Well, I don't think we can go quite that far,
but the fact that we do not see abundant,
very obvious life on Mars or other bodies in the solar system,
all else being equal lowers our probability
of life being ubiquitous in the universe.
On the other hand, if your theory that you're trying to update
is 1% of Earth-sized planets have life on them,
then the existence of no life on Mars
doesn't change your prior probability very much at all.
And 1% of the planets out there would still be billions of places to have life out there in the universe.
So, you know, I draw a big distinction between life and anything that you think of as advanced intelligent life, right?
That's a very, very different question.
I think that there are good Bayesian reasons to think that there are not that many advanced civilizations in our galaxy.
That is something that we could have observed very, very easily and we haven't.
And every time I say that, the UFO.
people come on and say, wait until this guy is shown up in six months when the new report is
released. But this has been going on for 10 years and the new report has never really shown me up.
So I'm pretty confident about that. But that's very different than saying is there simple
unicellular life out there. That could be everywhere. That could be on Europa. That could be even
there could be even multicellular life on Europa. We don't know in the oceans of Europa. But we'll have
to go, look, you know, the best Bayesian does not get very far when you only have two or three data
points. So we need to collect a lot more data. And the exciting thing is we're going to do it. That's
kind of awesome. We're going to be updating our priors in a substantial way. Yeah. Yeah. And I think of
nothing else that discovery in the late 1996 demonstrates that, you know, people think, oh, it would change
humanity forever. The discovery, even of a microd of slime mold on Proxima Century B would change
forever. We'd have this community. I say, no, it wouldn't be. And there's proof.
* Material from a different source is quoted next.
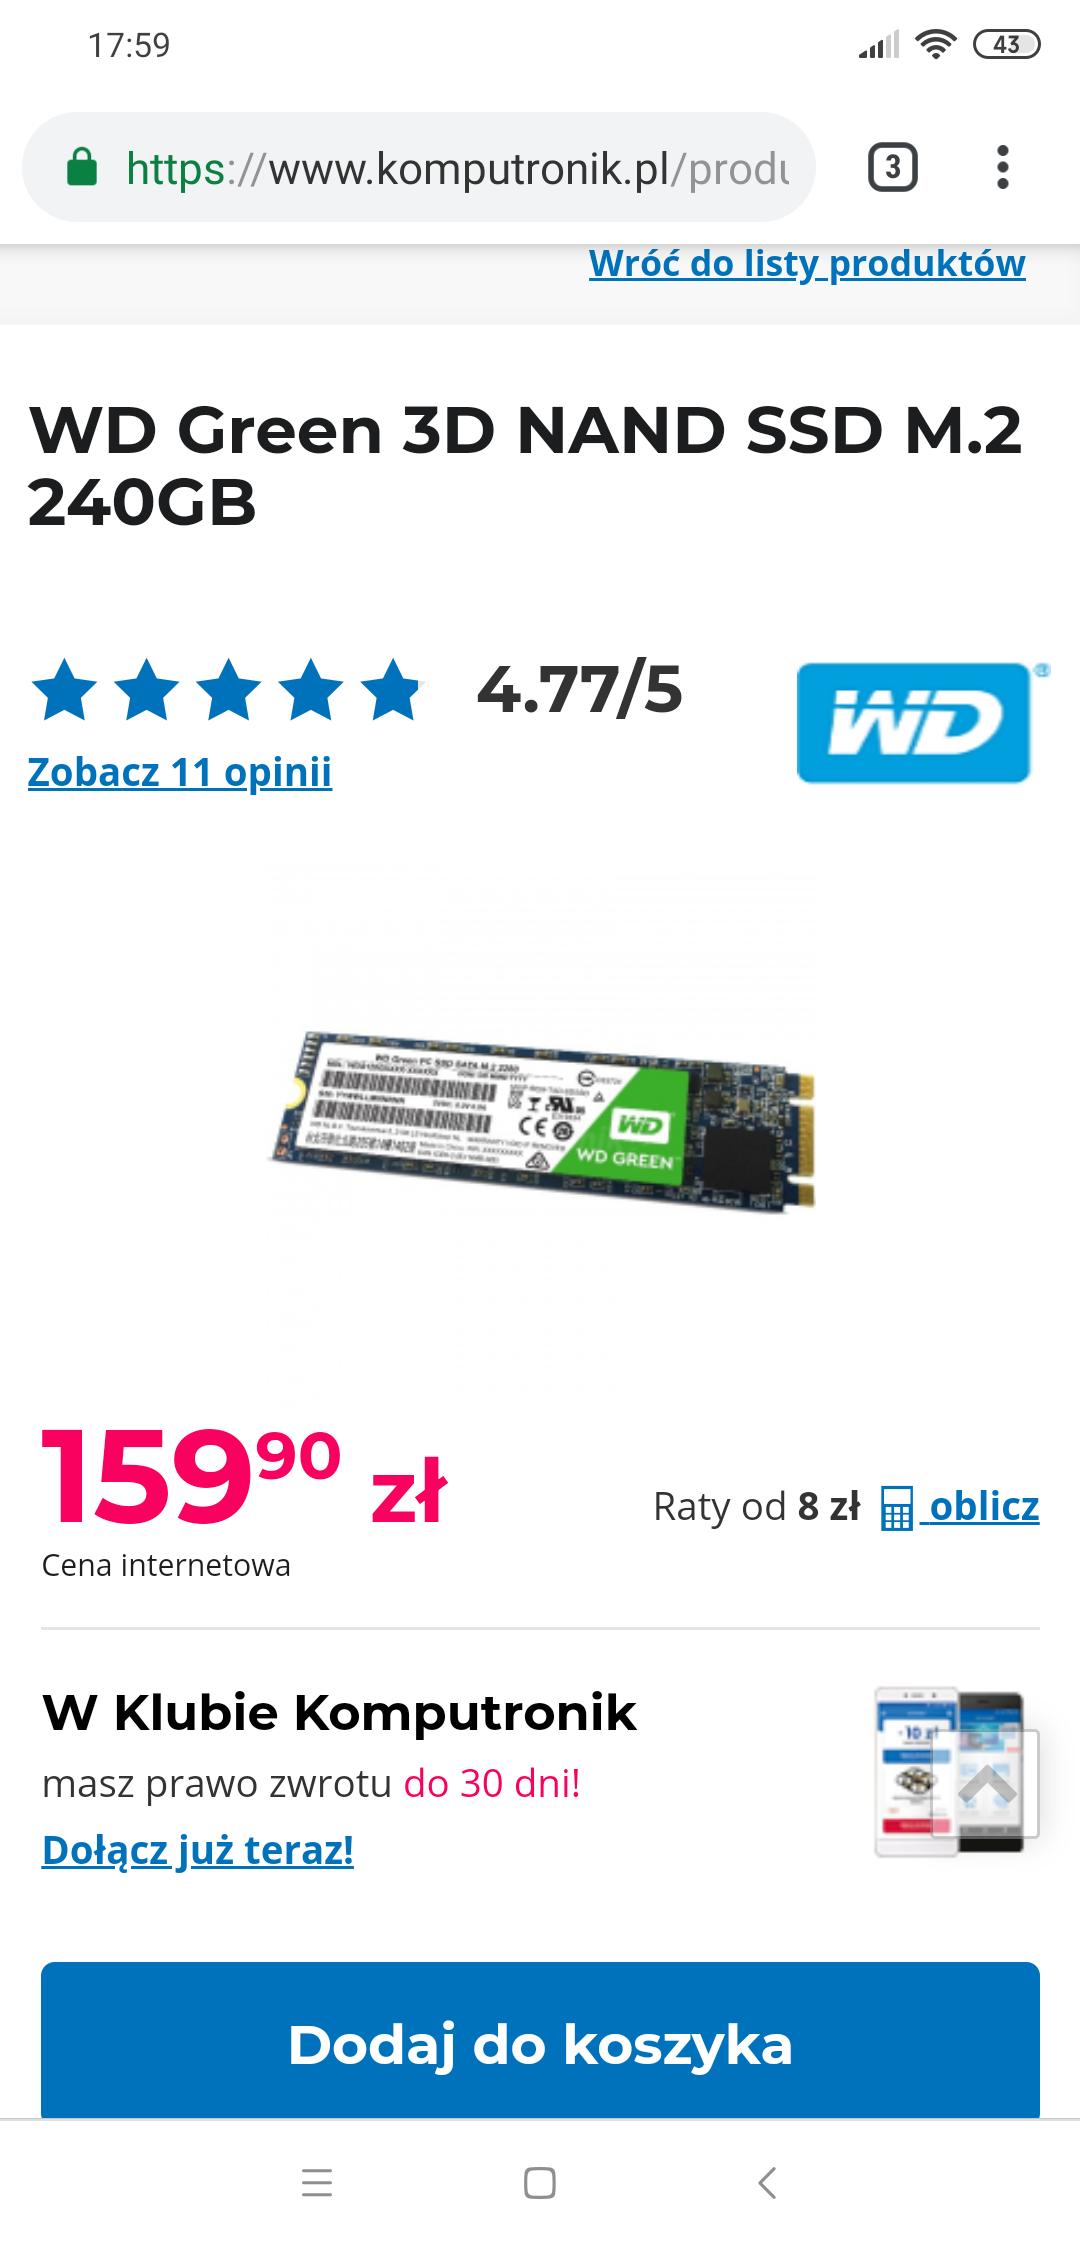 Dysk SSD WD Green 3D NAND SSD M.2 240GB

I don't know. Because 99% of the people that even heard about this in 1996 probably still
think it was accurate or it could be true. And I don't think we've had this, you know,
great kumbaya moment across humanity. Anyway, you have to respond to that. But, but the
next question comes from a very good fan of yours and good friend of this show, Maya Benowitz
from Twitter. You can follow Sean on Twitter at Sean M. Carroll. You can follow me at Dr.
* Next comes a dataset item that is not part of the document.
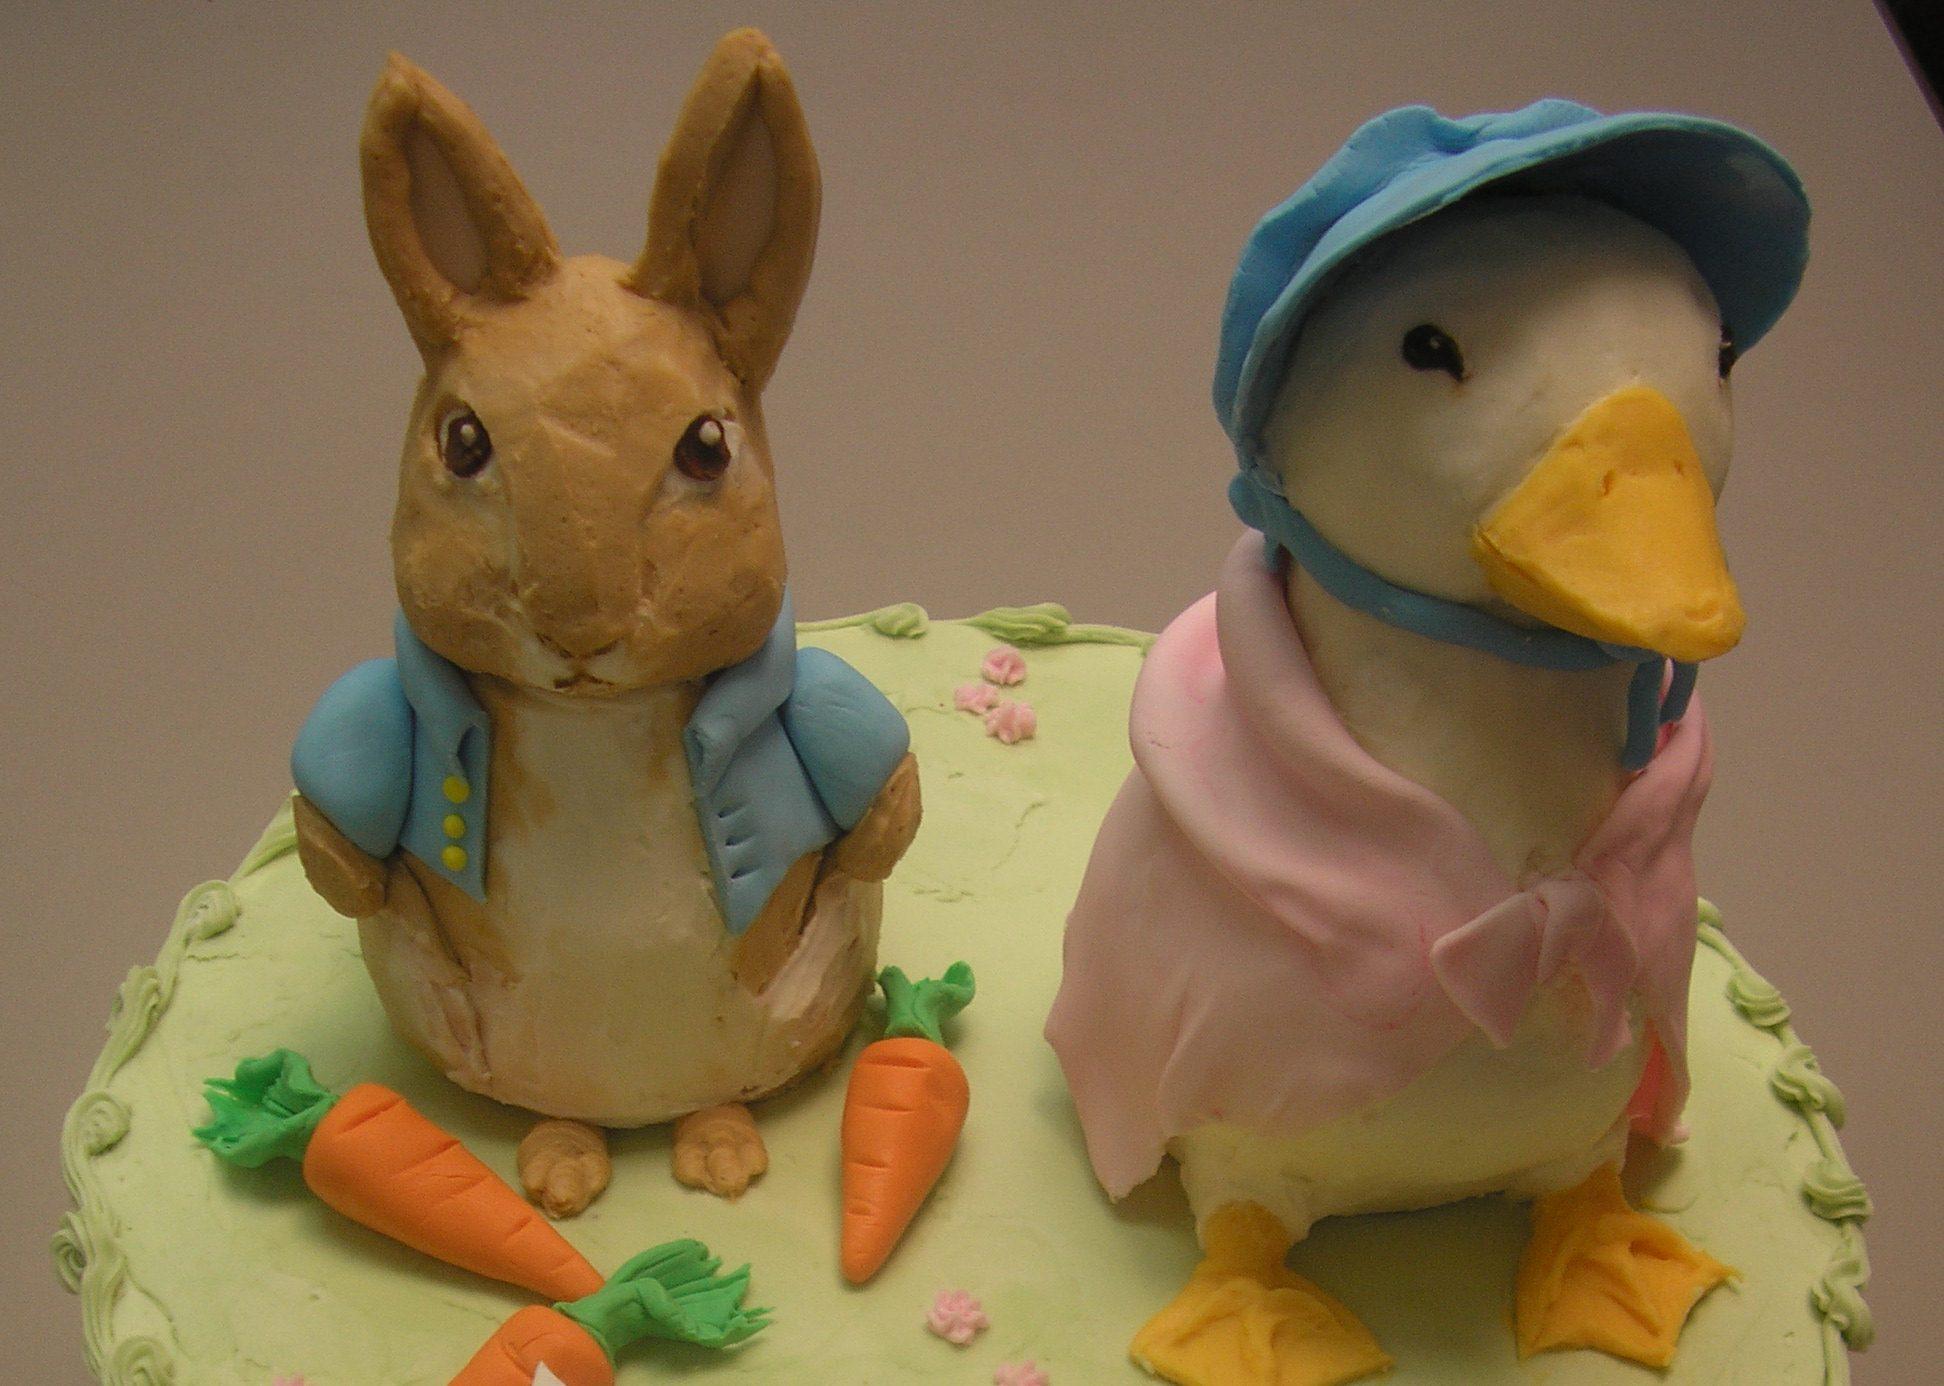 Beatrix potter cake, rabbit cake, duck cake

Brian Keating on Twitter. She asked, extracting the universe from the wave function was a very nice talk.
My question is this, if in principle, whatever information behind the horizon can be recovered by holography,
then why assume a finite dimensional Hilbert space?
So I haven't seen this talk, but...
Well, there's a lot going on there for the person on the street, so I'll try to unpack it there.
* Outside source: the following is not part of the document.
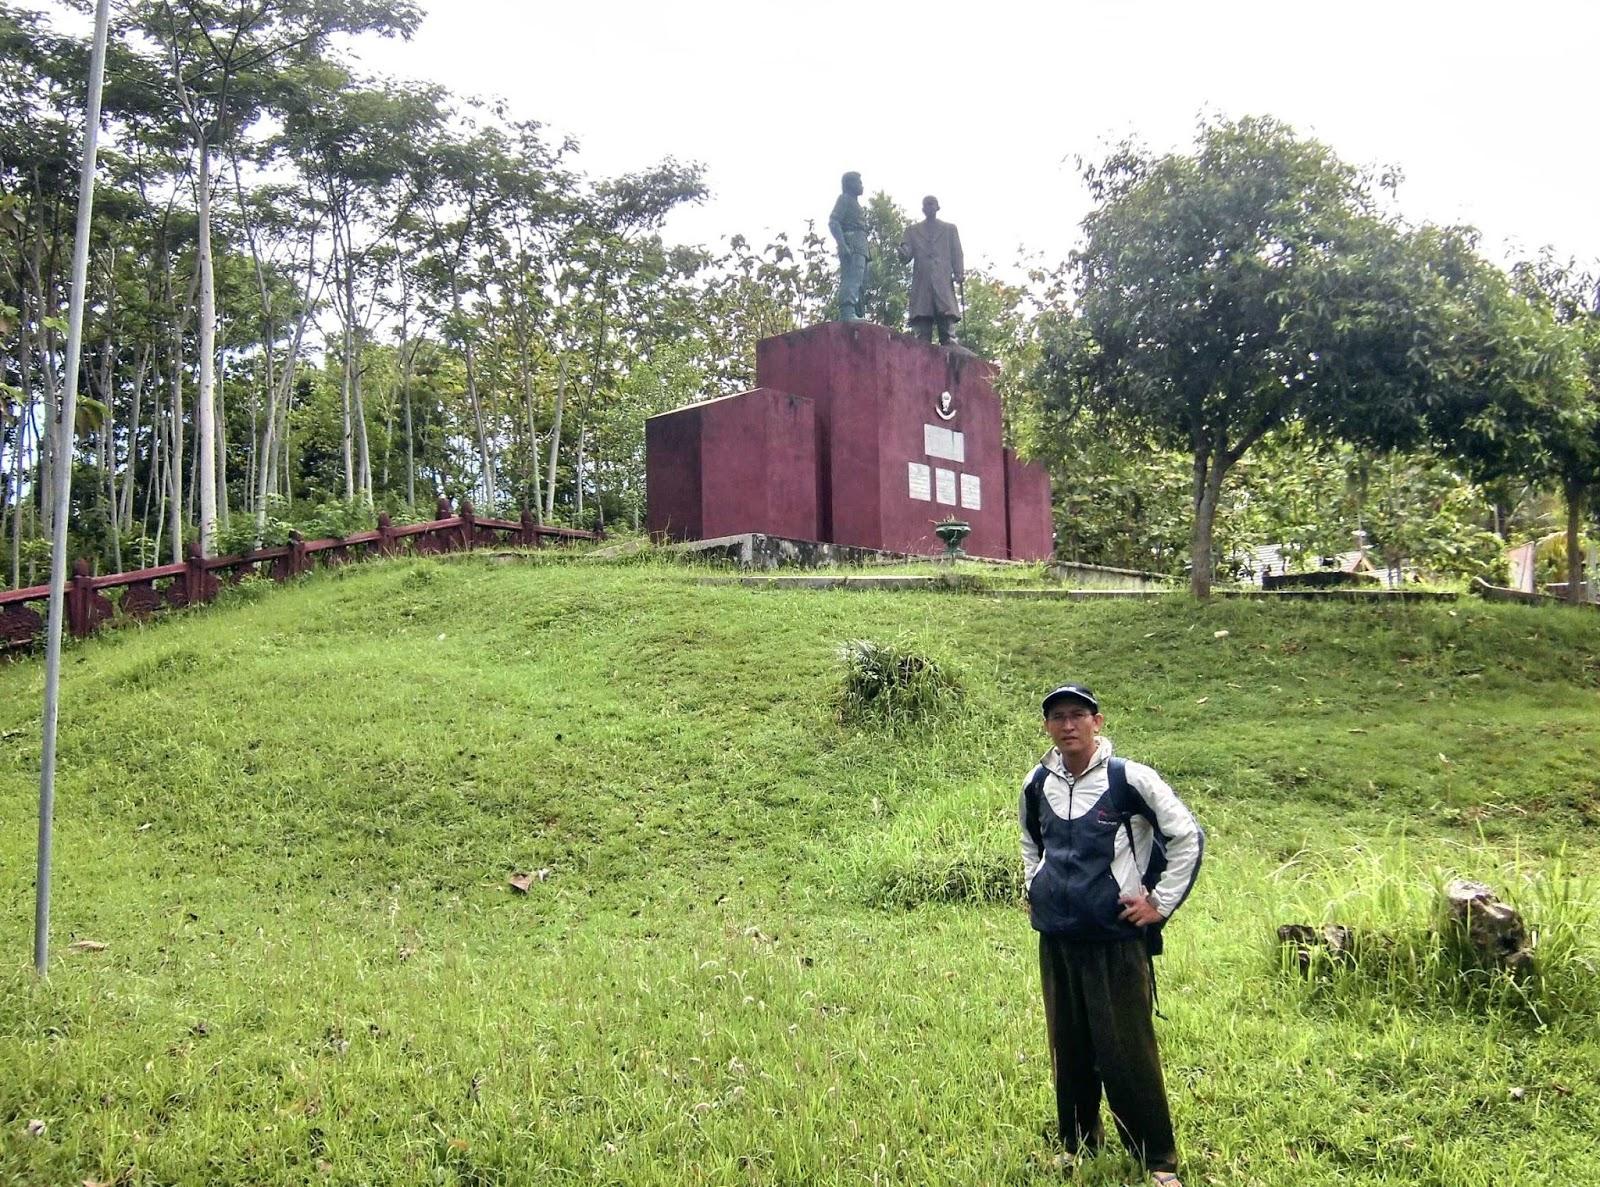 Firdaus Ubaidillah Monumen Tumpak Rinjing Pacitan Jawa Timur Menandai Rute

The talk that I gave on extracting the universe from the wave function is an illustration of this philosophy that I already mentioned,
that we should think quantum mechanically first about the universe.
And we have this thing, even among professional physicists,
where we have a classical theory of this or that,
field or string or what have you,
and then we quantize it, right, to make a quantum theory.
But the real world doesn't do that.
The real world just starts as a quantum theory
and then it has a classical limit.
So that's the program that is being pursued
when I talk about extracting the universe from the wave function.
Given a wave function and a way that it evolves,
what is the classical thing that that represents.
And part of the one of the things I like to do in that talk,
which is completely optional,
but it makes my life easier,
is I argue that the Hilbert space of the universe,
which is just the set of all possible quantum mechanical wave functions.
So it's a vector space,
which means you can add wave functions together.
That's all it really means.
It's like X and Y, except instead of two dimensions,
you have 10 to the 10 to the 122 dimensions.
There's a lot of dimensions.
in Hilbert's space.
Everyone gets a dimension.
But that's still a finite number, 10 to the 10 to 122,
is still not as big as infinity.
And from the math methods point of view,
that matters a lot.
That really sort of does affect how you go about the analysis.
So the existence of black hole entropy
is not a problem for this point of view.
It's a feature of this point of view.
It is one of the reasons why we think
that the universe only has a finite,
dimensional Hilbert space because a black hole, Stephen Hawking said a black hole is entropy.
And his argument for that was actually pretty phenomenological in the physics sense.
In other words, he didn't have an underlying deep theory.
He was sort of not Ludwig Boltzmann.
He was Rudolph Clausius, for those of you who are big fans of 19th century thermodynamic
history.
Clousius is the one who invented the word entropy.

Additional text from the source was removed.